ベト4(ベートーヴェン交響曲第4番。私は九つあるうち、これが1番の傑作だと思っていますが全然演奏されなくて、他のが称揚されていて悔しいです。誰か同意者求む! まあ傑作なだけあってめちゃくちゃ難しいのですけどね。オケに入ったことはありませんが楽譜見てるだけでこれは凄まじい難しさなのは分かります。特にファゴットイジメ! でも聴いて)
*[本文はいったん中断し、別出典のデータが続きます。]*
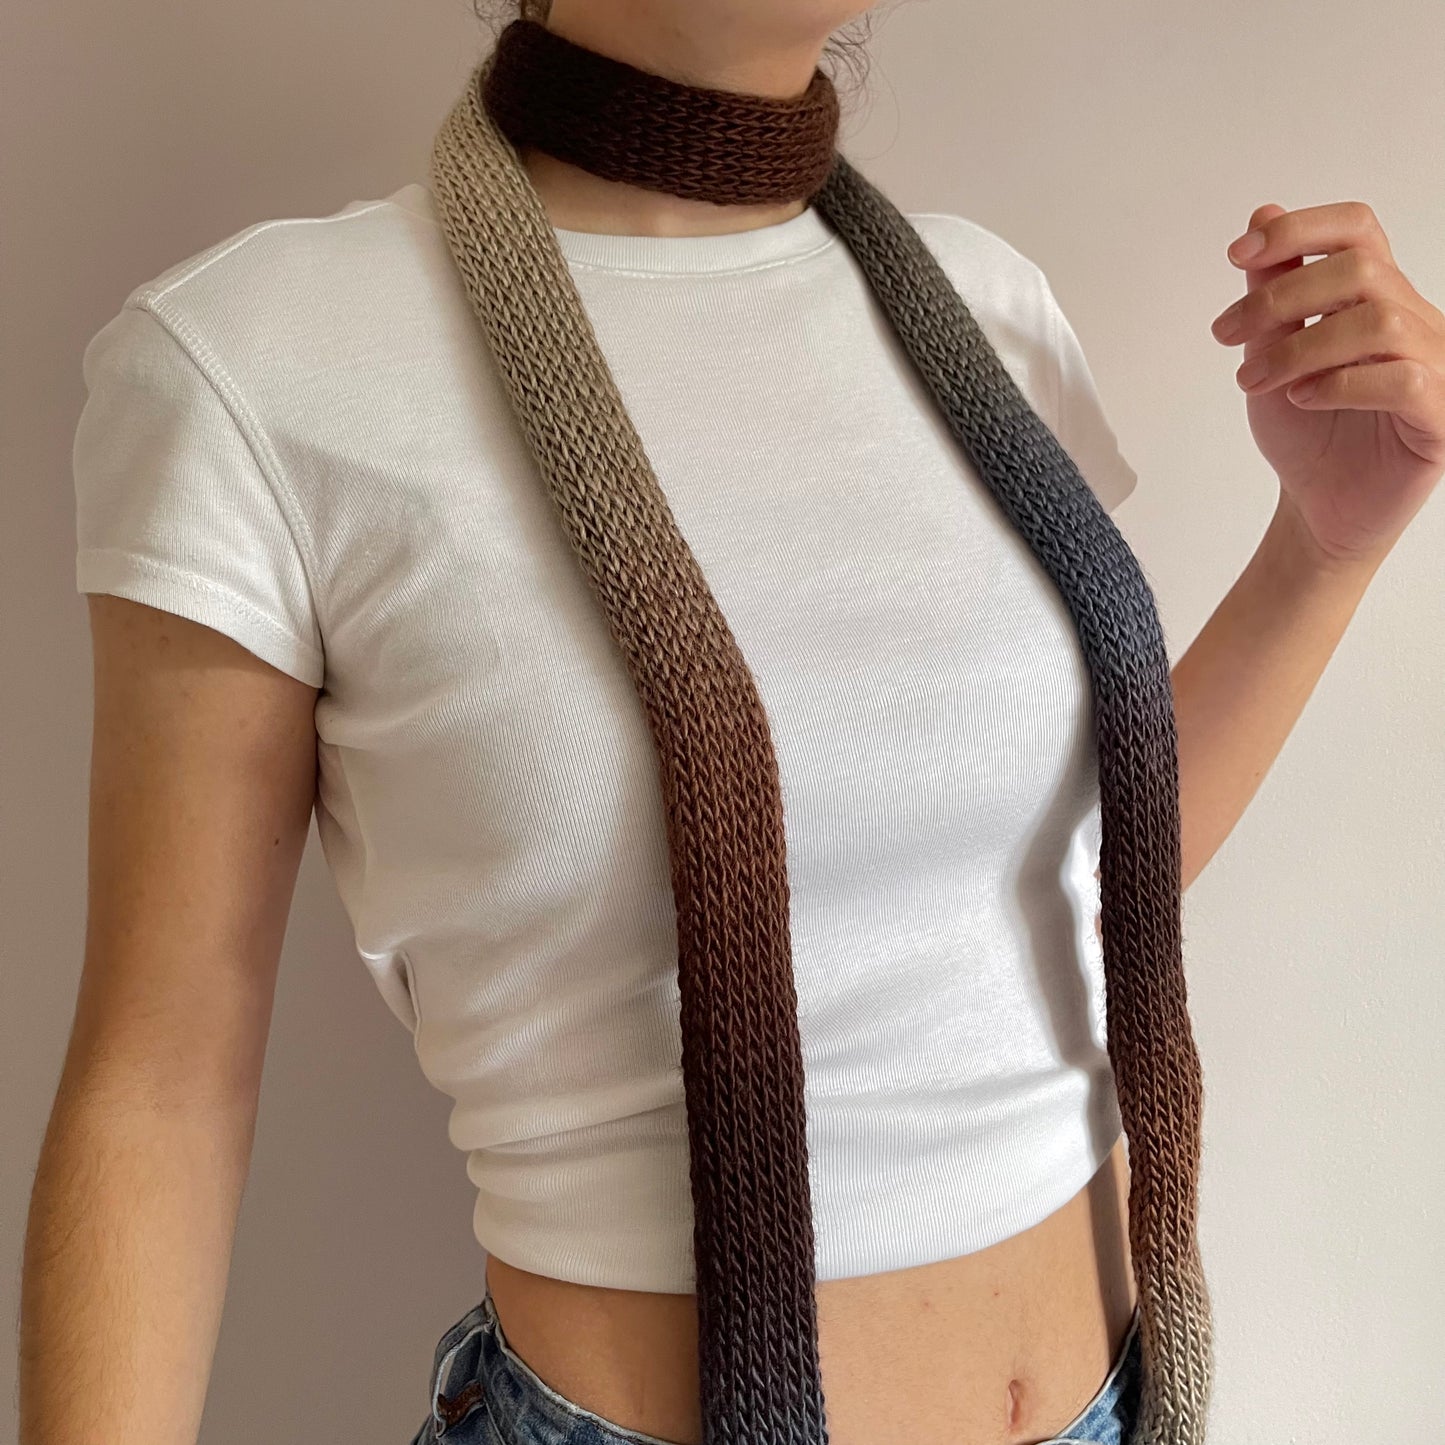 Handmade knitted ombré skinny scarf - Seashell colourway

ブル7(ブルックナー交響曲第7番。以下、「交響曲」は省略します)
ブラ1(ブラームス1番)
マラ2(マーラー2番)「復活」というタイトルがあるのに「復活」よりマラ2という方が多いかも。
チャイ5(チャイコフスキー)
あれ? でもショスタコの場合どうなるんだろう。「タコ7」? あまり聞かない気がしてきた。
バレエやオペラの題名も然り。
「白鳥の湖」は「白鳥湖(はくちょうこ)」
「神々の黄昏」は「黄昏」
「彷徨えるオランダ人」なら「オランダ人」
「コシ・ファン・トゥッテ」は「コシ」
演奏者も省略されてしまいます。ごめんなさい。
指揮者・ピアニストのダニエル・バレンボイムらなら「バレン」
もう亡くなりましたが、チェリビダッケなら「チェリ」
といった具合に。
ですから、会話するとこんな感じになります。
「昨日、チェリのベト4聞いてたんだけどね」
「古い録音聞いてるね〜それもいいけど、この夏のバレンがオランダ人をリンデン(ベルリンの歌劇場)で振ったやつ聞きなよ」
「オペラはあまり聞かないからバレンだったら弾き振り(ソリストを務めながら指揮を振る)でピアコンが聴きたい」
「弾き振りと言えばムターのメンコンがすごかったよ(この曲の弾き振りは無理だと思いますが)。オペラじゃなくてバレエなら聞くかな」
「そういえばチャイ5好きだよね。今度、新国(新国立劇場。オペラ上演があります)で白鳥湖やるよ」
と、多分、知らない人が横から聞いていたら「なんの話」状態。
まあそれは置いておいて、その省略の仕方が、たまに疑問です。それが、
「薔薇騎士」
リヒャルト・シュトラウスのオペラの題名なのですが、邦題の正式名称はこう。
「薔薇の騎士Rosenkavalier」
「の」くらい入れなよ!!!!!!!!!
日本人は4文字が落ち着く、という結論に至りました。だからきっとモーツァルトやブラームスの名前は省略されないんだろうな。